Ее слова утонули в рыданиях.

– Успокойся, пожалуйста, – мягким голосом сказала Беатриче и осторожно погладила ее по худеньким плечам. – Не бойся, я не сержусь на тебя. Наоборот, мне очень нравится, как ты выполняешь свои обязанности. Мне в голову никогда не приходило уволить тебя со службы.

Девушка подняла голову.

– Правда, госпожа? Вы на самом деле так считаете?

Затравленный взгляд покрасневших от слез глаз Жасмины, как ножом, полоснул Беатриче по сердцу. Эта маленькая, едва достигшая двенадцатилетнего возраста девочка искренне боялась за свою дальнейшую судьбу. И Беатриче знала причину этого страха. Жасмина видела нищету и бедствия за пределами дворца. А здесь она всегда была сыта и имела крышу над головой. Выжить такому тщедушному существу, как она, в переулках Бухары не было никакого шанса. Для этого ей пришлось бы просить на улицах милостыню или воровать – и при этом все равно влачить полуголодное существование.

– Конечно, Жасмина, иначе бы я тебе этого не говорила. – Утешая, Беатриче гладила девочку по длинным черным волосам и ободряюще улыбалась. – Однако давай поспешим, не то эмир начнет свою обеденную трапезу. А нам совсем не обязательно заставлять его ждать, ведь мы не хотим вызвать его гнев, правда?

На лице Жасмины появилась светлая улыбка. Она поспешно кивнула и вытерла слезы.

Пока служанка помогала своей госпоже умыться и одеться и сооружала из волос затейливую прическу, Беатриче вовсю проклинала Нуха II ибн Мансура. До сих пор она видела эмира крайне редко. И то в основном издалека, через зарешеченные окна большого вестибюля. С разумного, как она считала, расстояния. Беатриче предпочитала избегать общения с мужчиной, осмелившимся поднять руку на женщину и внушавшему смертельный страх маленькой девочке.

Сказав себе: «Я вообще не хочу идти, но ничего не поделаешь, надо», она еще раз посмотрела на себя в зеркальце, протянутое Жасминой. Скорее бы все закончилось.

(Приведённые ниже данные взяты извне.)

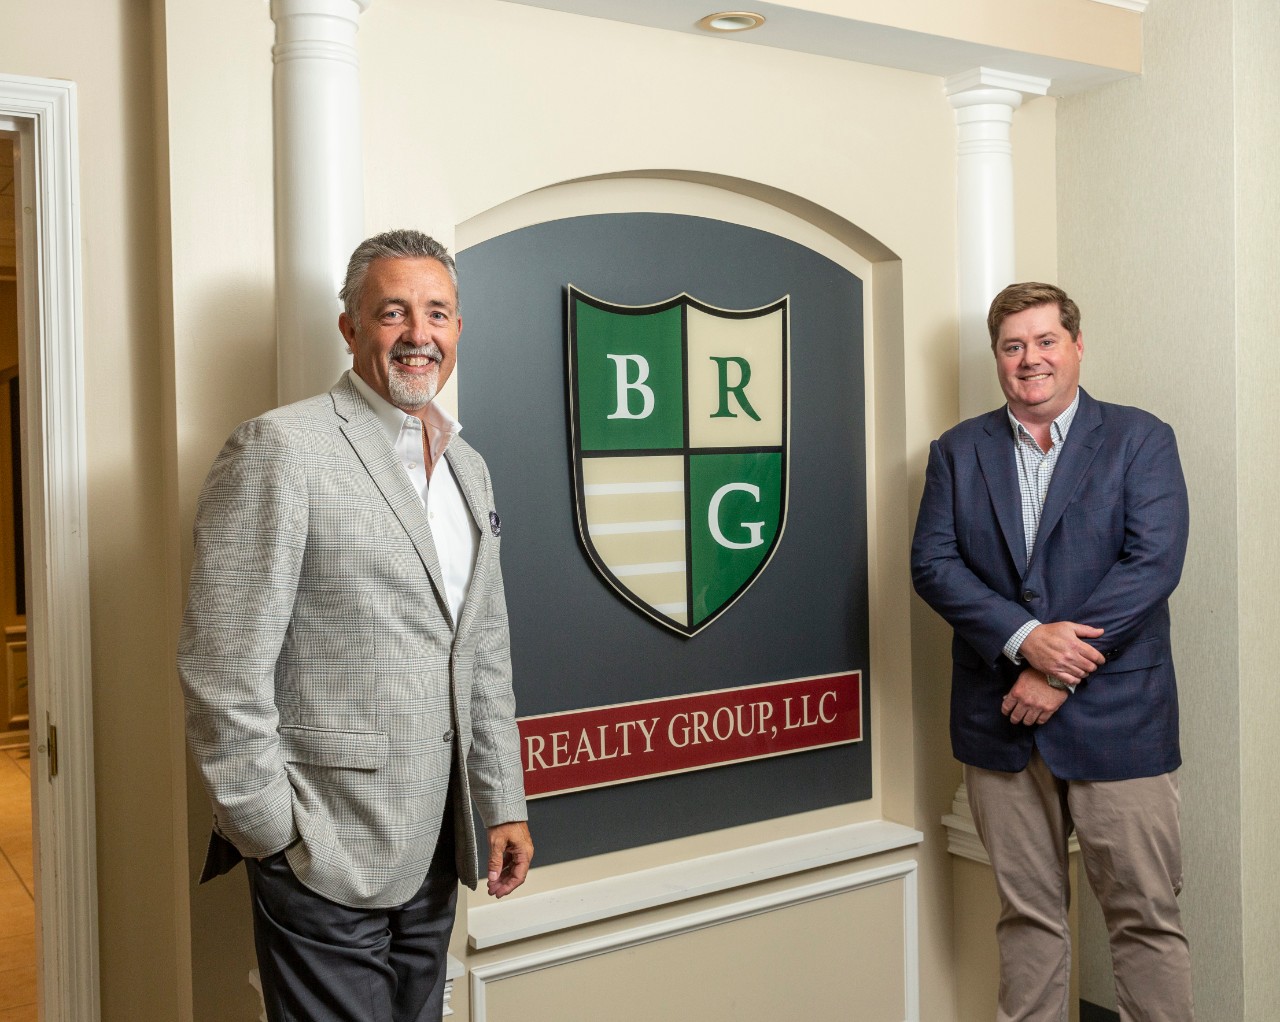 From left: Don Brunner (CEO) and Alex Parlin (CFO) of BRG Realty Group, LLC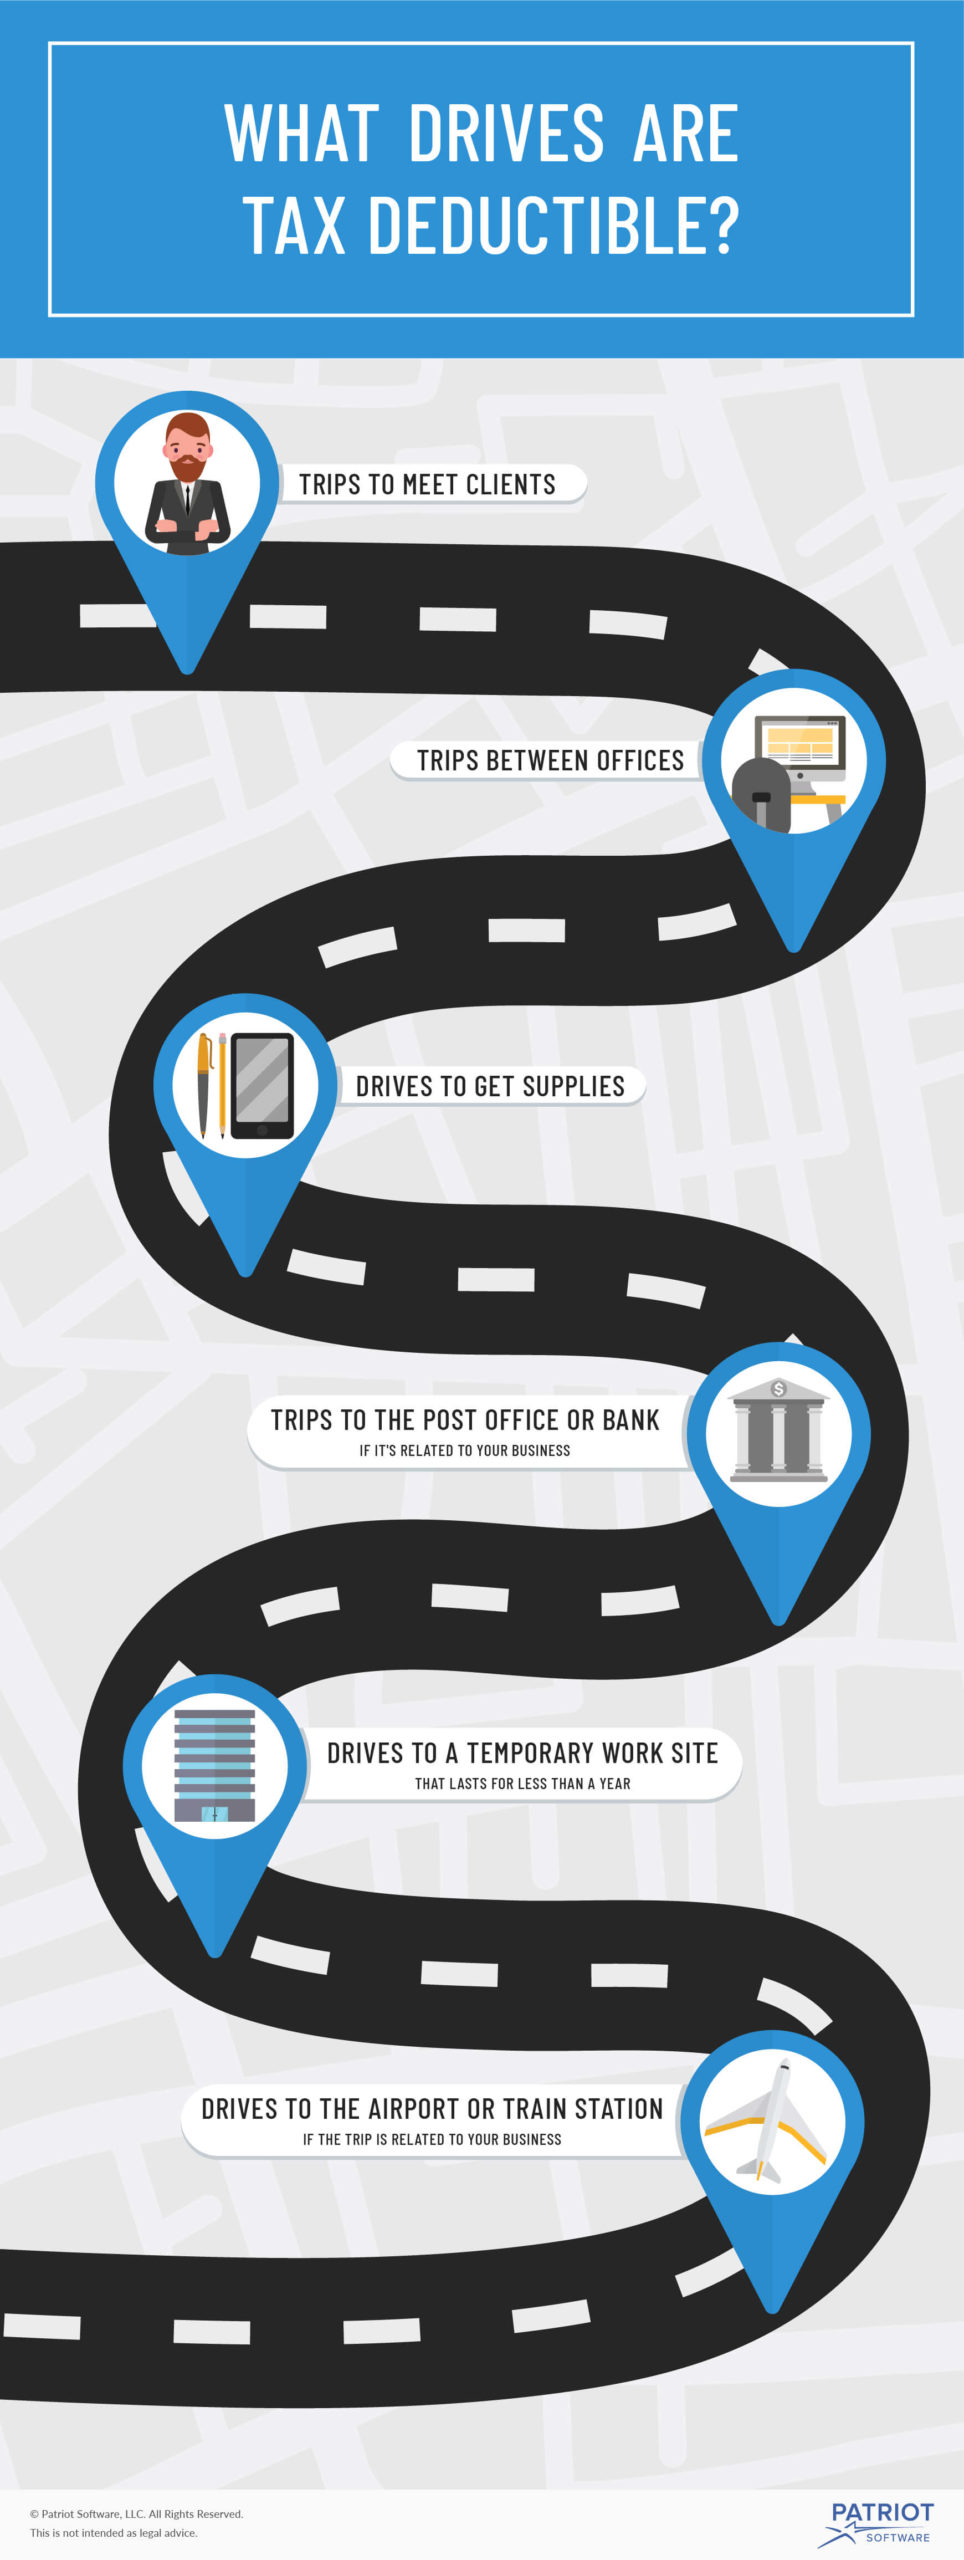 Infographic: What Drives Are Tax Deductible?

Они были уже готовы, когда в дверь постучали. Перед дверью стоял Юсуф, который должен был сопроводить Беатриче в покои Нуха II. Проходя с темнокожим евнухом по узким коридорам дворца, Беатриче подумала о том, что даже не знает, зачем Нуху II понадобилась встреча с ней. Она так злилась на эмира, что ей не пришло в голову хотя бы подумать об этом. Надо осторожно расспросить Жасмину. Возможно, что-то знал и Юсуф, но разговорить его было бессмысленным делом. Евнух и так был неразговорчив, а по приказу мог и вовсе молчать как рыба. Беатриче попыталась хоть что-то прочесть по его лицу. Однако оно, как всегда, не выражало никаких эмоций. Ей оставалось лишь догадываться.

К несчастью, она обладала богатой фантазией, поэтому с каждым шагом, приближавшим ее к покоям эмира, волновалась все больше и больше. И когда они наконец остановились перед богато декорированной резьбой дверью, сердце Беатриче стучало, как паровой молот.

Двери отворились еще до того, как Юсуф постучал.

Их встретил старый слуга в скромных белых одеждах.

– Мой господин, благородный и мудрый Нух II ибн Мансур, храни его Аллах и даруй долгую жизнь, уже ждет вас. Проходите.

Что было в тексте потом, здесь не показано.